Борис Пастернак сказал: “Книга – это кубический кусок дымящейся совести”. Слова эти могут стать и эпиграфом, и эпилогом всей жизни и творчества поэта. Есть творцы, для которых музыка, поэзия, литература – занятие, но не жизнь. Пастернак относится к тем поэтам, для которых творчество и есть жизнь.
Он воплощение, материализация самого духа и сути поэзии, которую не отделял от жизни и не привносил в жизнь. Он просто жил так, как творил, а творил так, как дышал, если вспомнить слова Булата Окуджавы. Пастернак знал, что “поэзия валяется
Он не искал поэзию в жизни, он знал, что нет ничего, что нельзя было бы увидеть по-новому, осмыслить эстетически, образно, раскрывая и раскрепощая тем самым суть.
Пастернак странным образом похож на бессловесные порождения Земли, его стихи как будто не написаны, а выросли, кристаллизовались по законам не искусства, а природы. Он сам чувствовал себя каким-то продолжением природы, ее жизнью, только переплавленной в слово:
Я жизнь земли, ее зенит,
Что сам бросаю тень.
Я жизнь земли, ее зенит,
Ее начальный день.
Захлебывающееся, нервное звучание стихов Пастернака напоминает звуки, которыми выражает себя природа. И поэзию он определяет не через литературность, а через самые пронзительные проявления жизни:
Это круто налившийся свист,
Это щелканье сдавленных льдинок,
Это ночь, леденящая лист,
Это двух соловьев поединок.
Ничего “жеманно-поэтического” нет в ощущении поэта. Он знает, что поэзия – не приправа к жизни, а сама жизнь во всей ее простоте и величии:
Поэзия, я буду клясться
Тобой, и кончу, прохрипев:
Ты не осанка сладкогласца,
Ты лето с местом в третьем классе,
Ты пригород, а не припев.
Подлинная поэзия, которой живешь, а не “занимаешься” – страшна. Она требует в жертву все: всю жизнь и еще немного:
О, знал бы я, что так бывает,
Когда пускался на дебют,
Что строчки с кровью – убивают,
Нахлынут горлом – и убьют!
Иначе не бывает, потому что поэзия требует полной гибели всерьез. Умирать и воскресать с каждой строкой, каждым стихом – удел подлинного поэта. Пастернак находит очень сильный образ, в котором ощущение поэта близко к величию древних мастеров, творивших не для времени, а для богов:
Когда строку диктует чувство,
Оно на сцену шлет раба.
И тут кончается искусство,
И дышат почва и судьба.
Мы привыкли к тому, что слово “искусство” значит для нас что-то высокое, подлинное. Но Пастернак парадоксально высвечивает другое: сближение “искусства” и “искусственности” и находит нечто более высокое, подлинное – это “почва и судьба”.

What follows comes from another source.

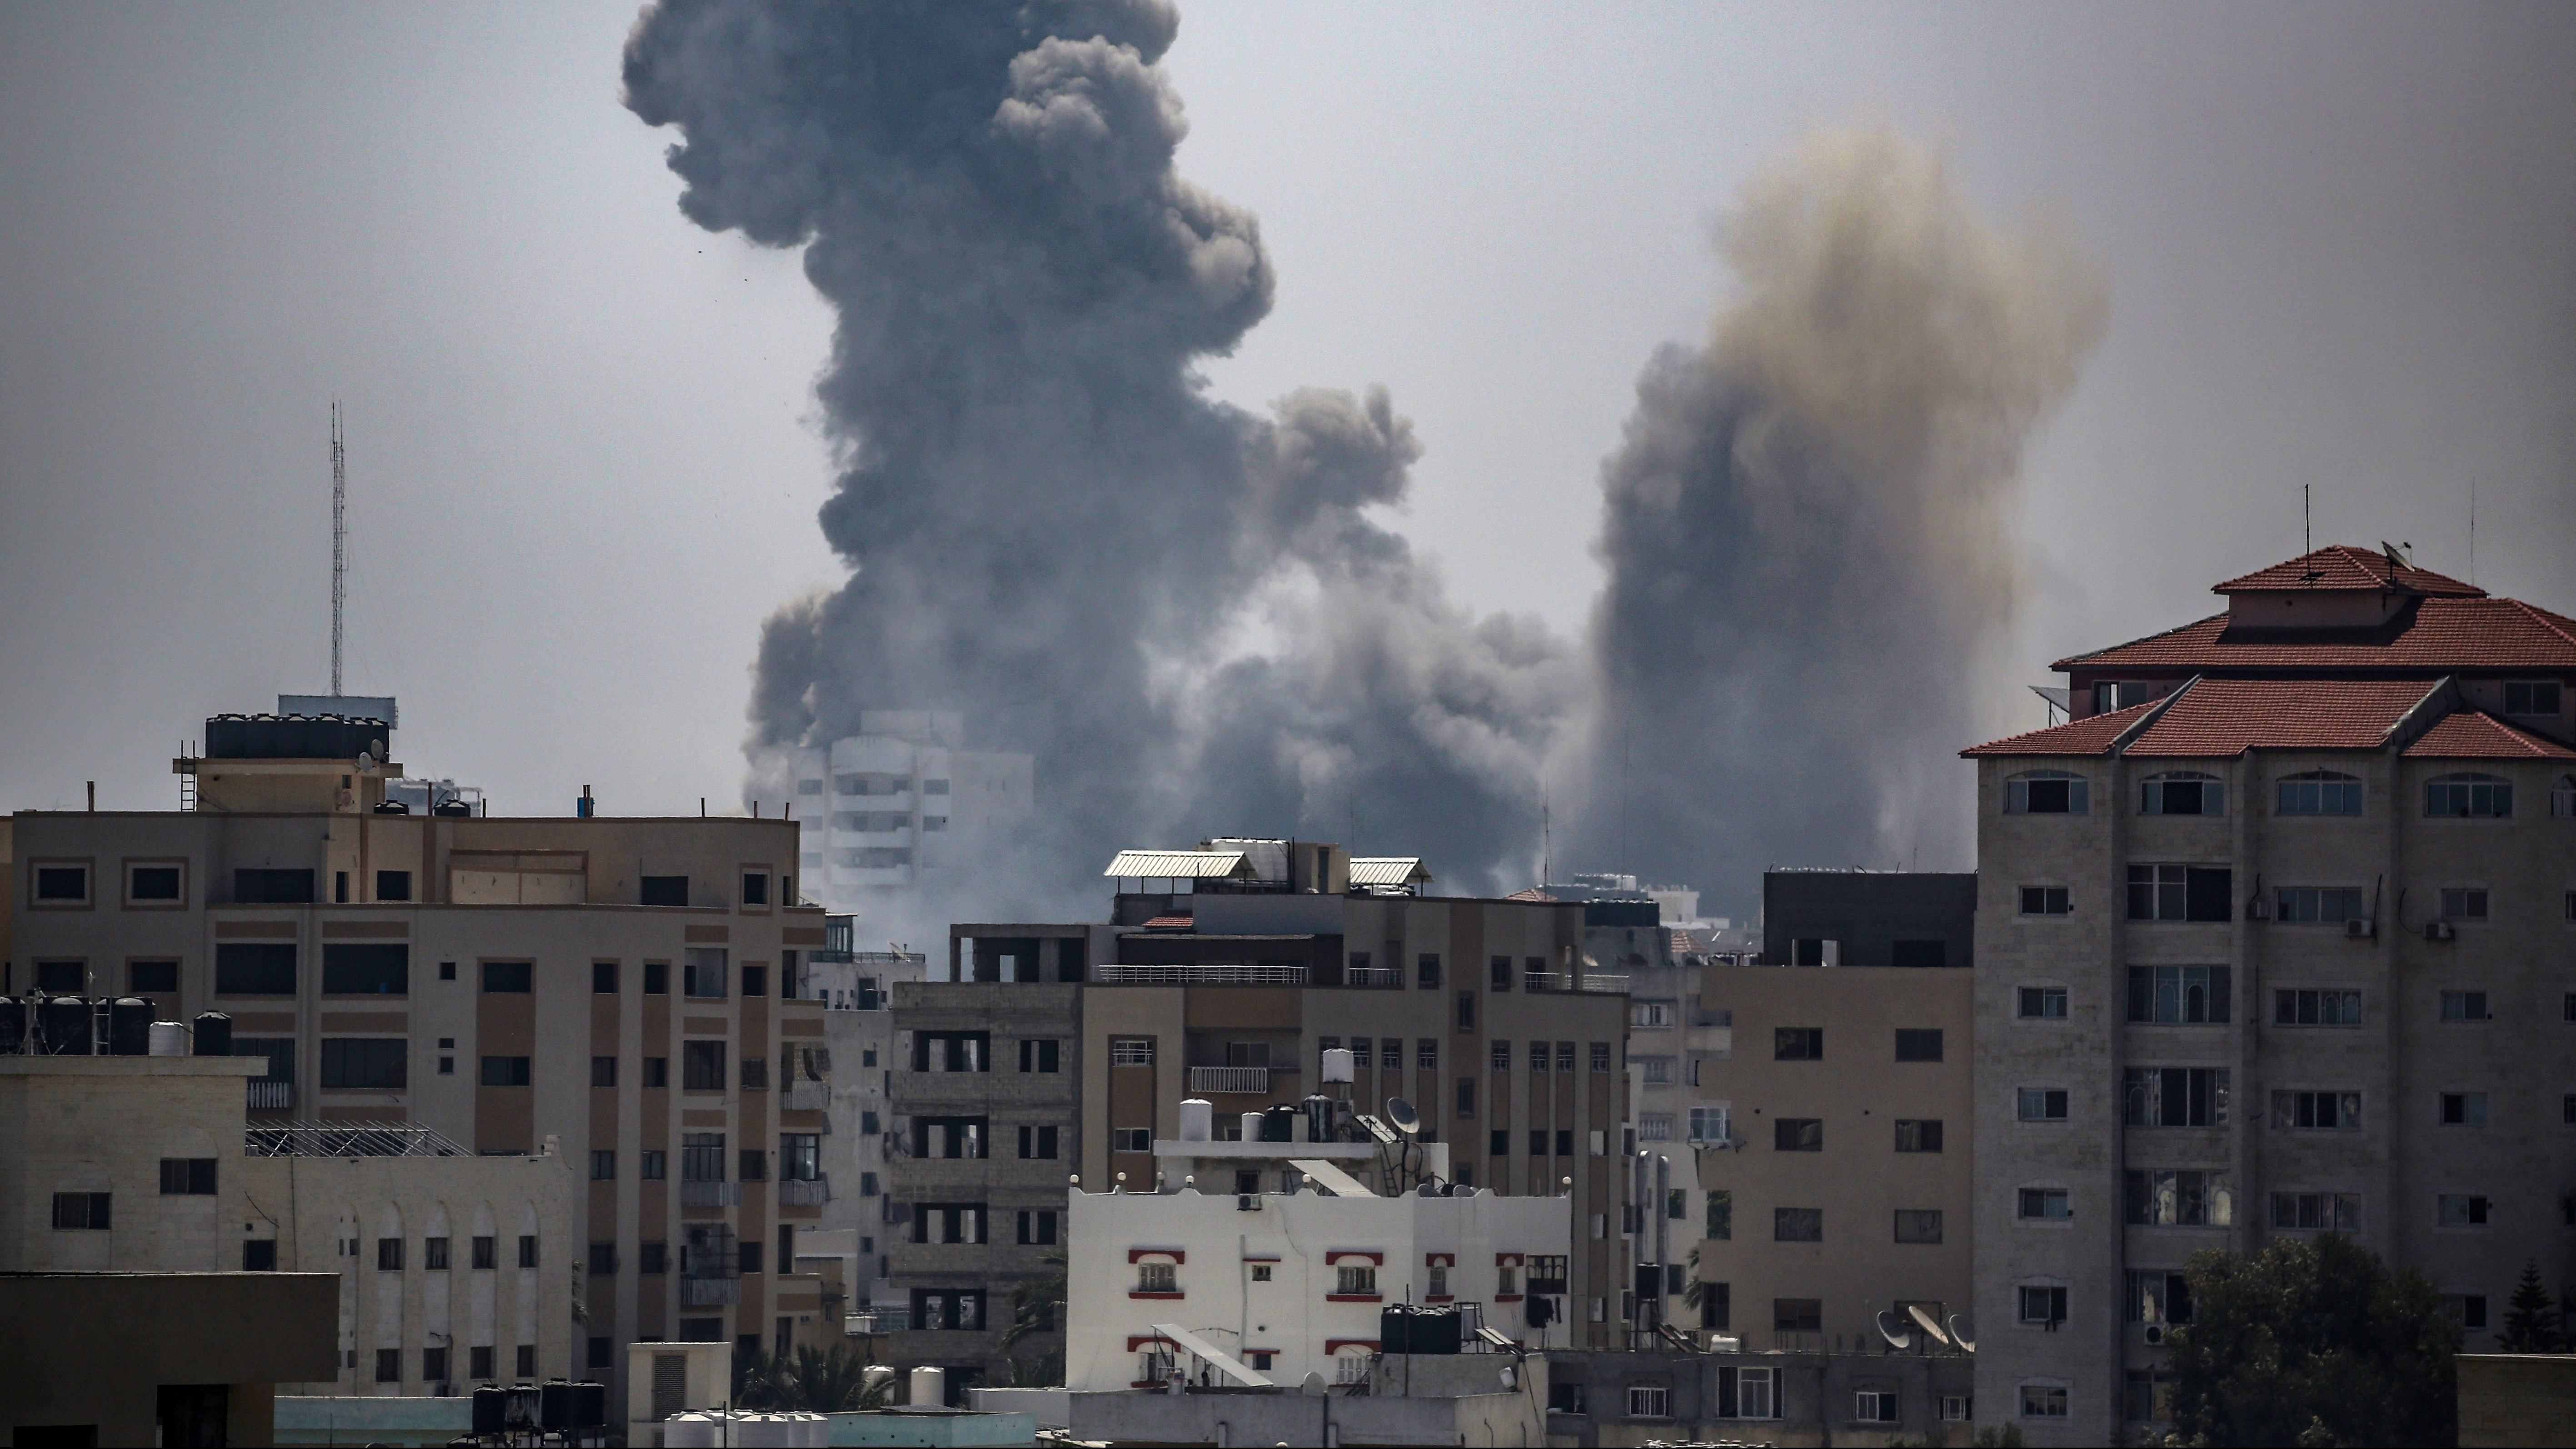 Ascienden a 197 los muertos en Gaza por los ataques de Israel

У Пастернака есть строки, за которые его часто упрекали: “Какое, милые, у нас тысячелетье на дворе”. В них увидели равнодушие и высокомерное отрицание настоящего. Но это не так.

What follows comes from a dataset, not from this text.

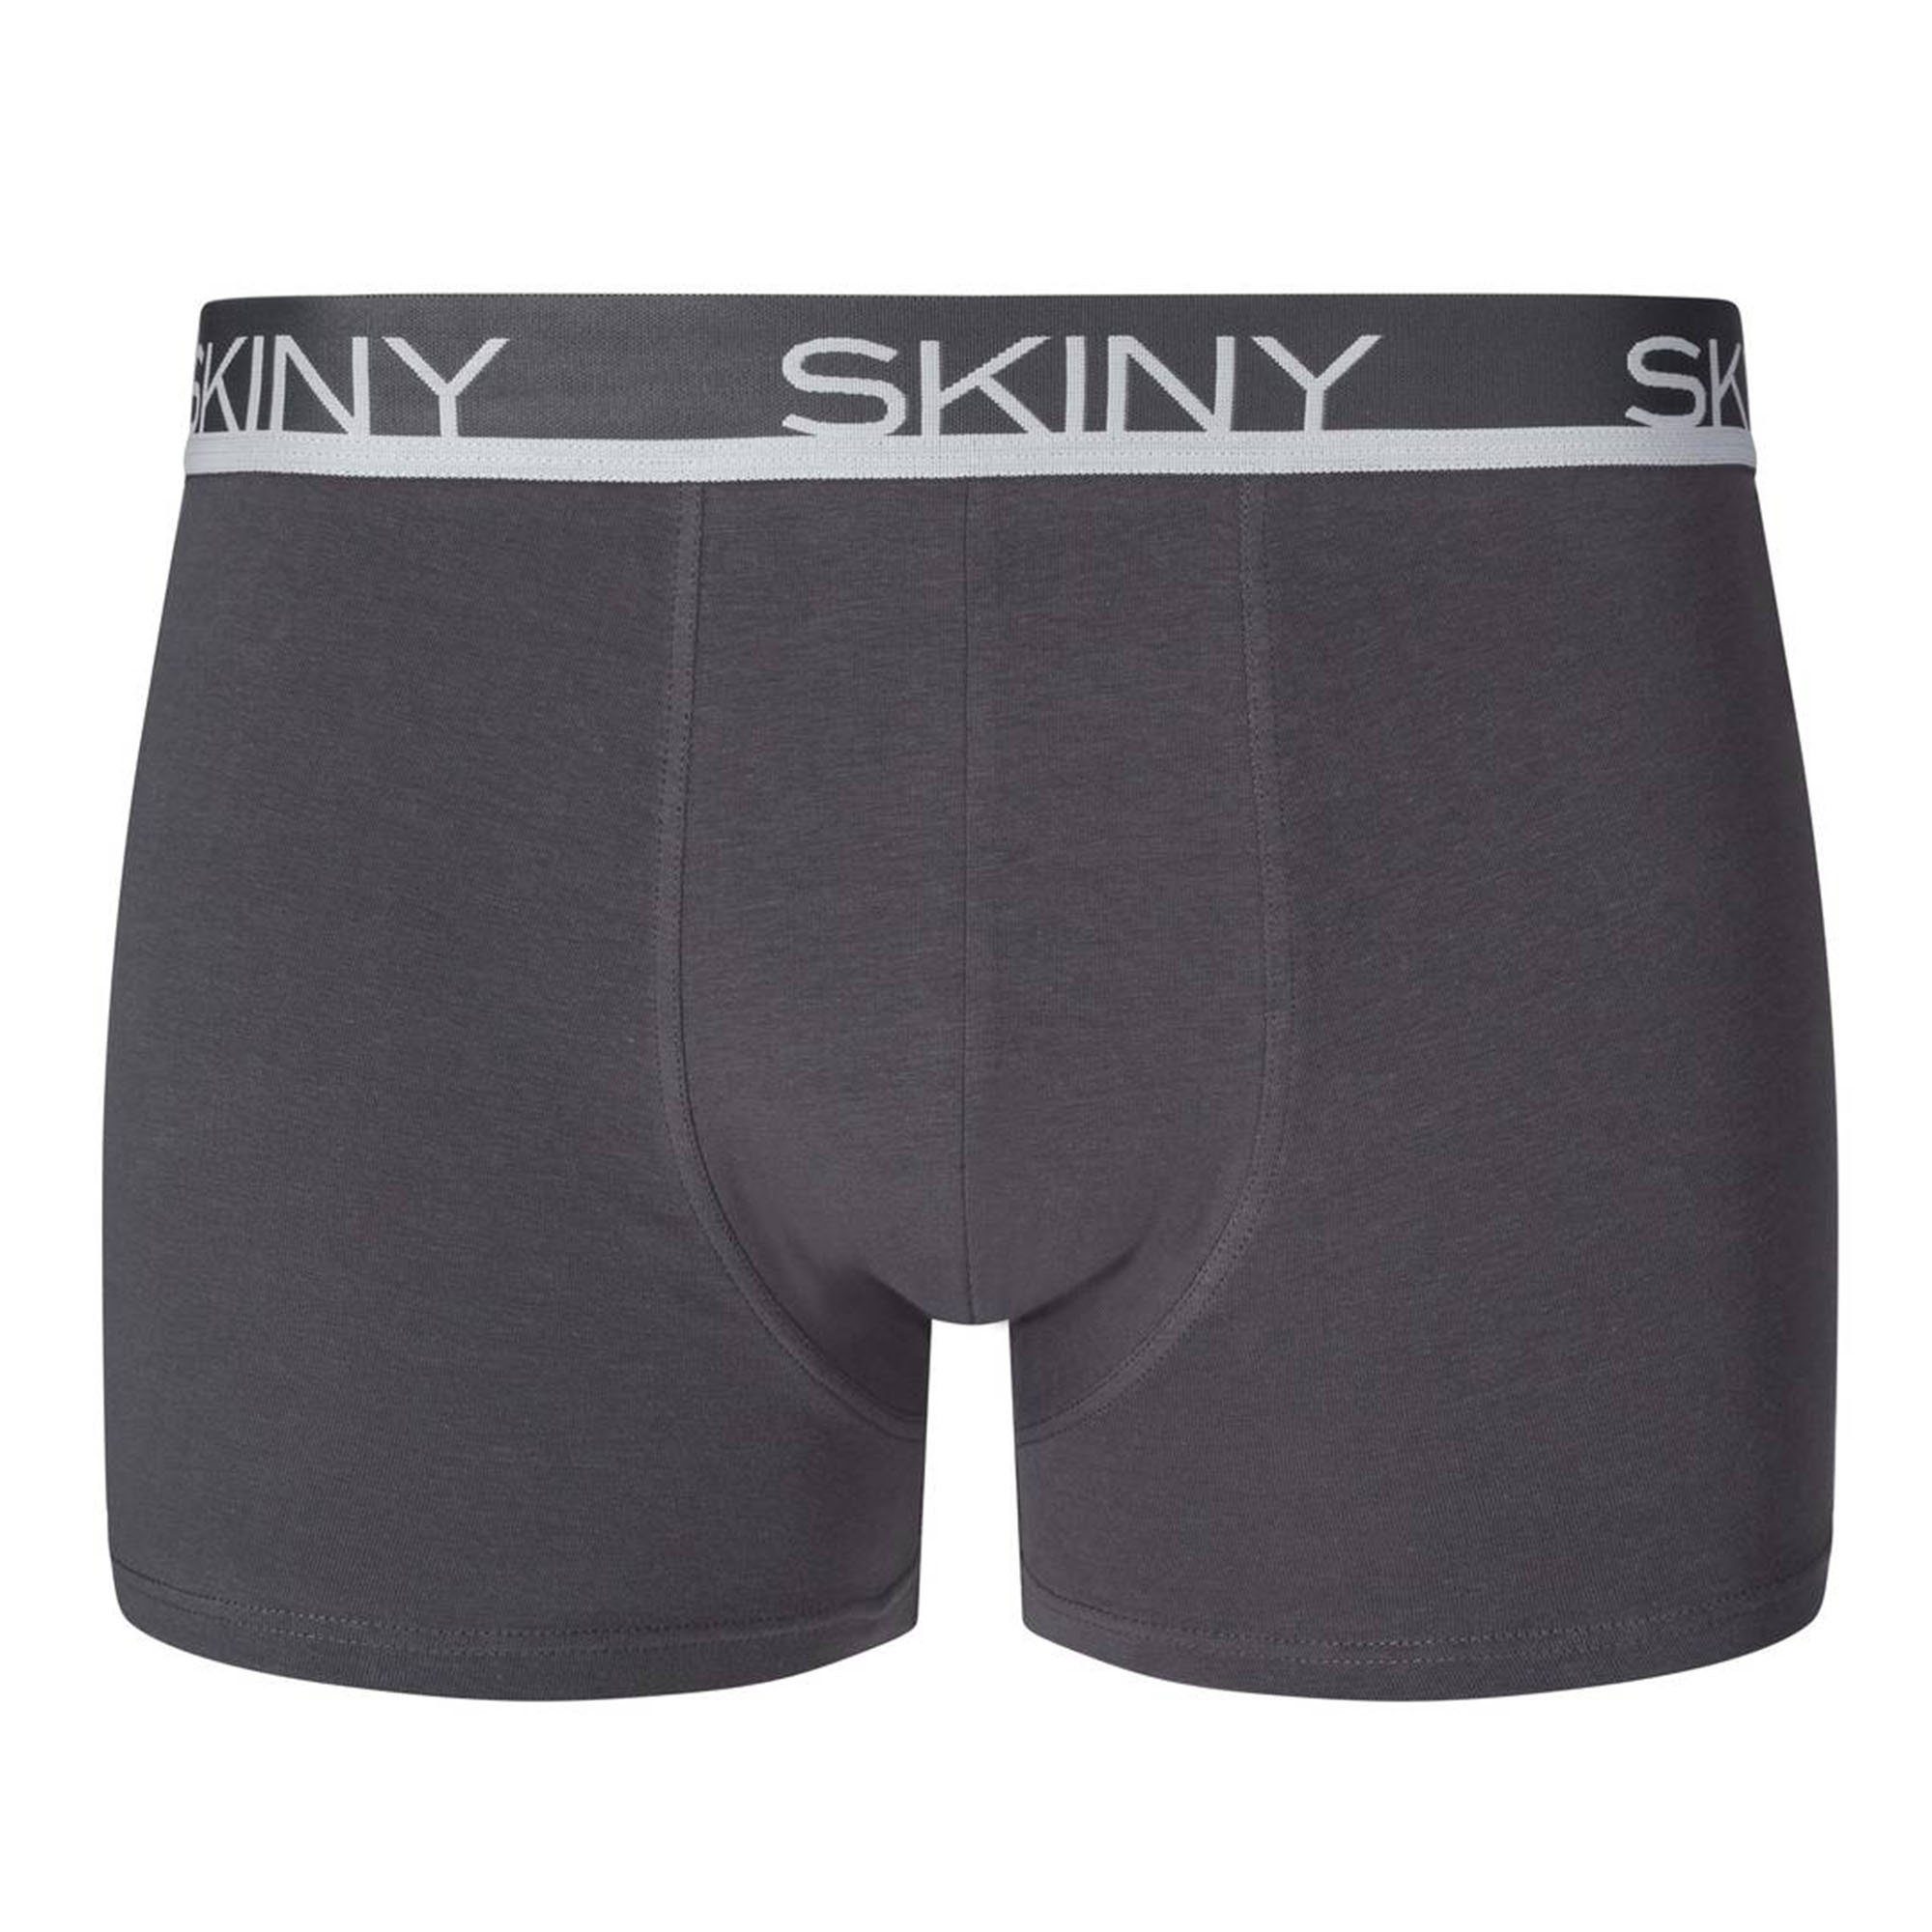 Trunks, Grau/Blau/Schwarz Boxer Pants Skiny - Shorts Boxer Herren 3er Pack

Пастернак, как великий художник, живет в своем времени, но отсчет ведет с точки зрения вечности.
Не спи, не спи, художник,
Не предавайся сну:
Ты вечности заложник
У времени в плену, –
говорит он. Пастернак не был обойден славой, успехом, но строго взыскуя с себя, писал:
Быть знаменитым некрасиво,
Не это поднимает ввысь…
Он знал, что “цель творчества – самоотдача, а не шумиха, не успех”. Все преходяще, и только родник поэзии неисчерпаем. Поэт спешит, не останавливается, чтобы полюбоваться собой, он всю жизнь нацелен в будущее:
За поворотом, в глубине
Лесного лога
Готово будущее мне
Верней залога.
Его уже не втянешь в спор
И не заластишь
Оно распахнуто, как бор,
Все вширь и настежь.
Но, стремясь в будущее и принимая все, что ему уготовано, Пастернак не скользит легко по поверхности.
Во всем мне хочется дойти
До самой сути:
В работе, в поисках пути,
В сердечной смуте…
Его стихи – это поиски сути, его понимание поэзии, – это поиск “оснований, корней, сердцевины”. Жить и писать нужно так, чтобы
Все время схватывая суть
Судеб, событий…
Свершать открытья.
Поэзия Пастернака имеет удивительное свойство: она молода. Все стихи написаны на пределе изумленного открытия мира, поэт видит все, как видят только дети. Читая и постигая его поэзию, понимаешь: стихи – такая же непреложная и естественная часть природы, как дерево, цветок, вода и солнечный свет.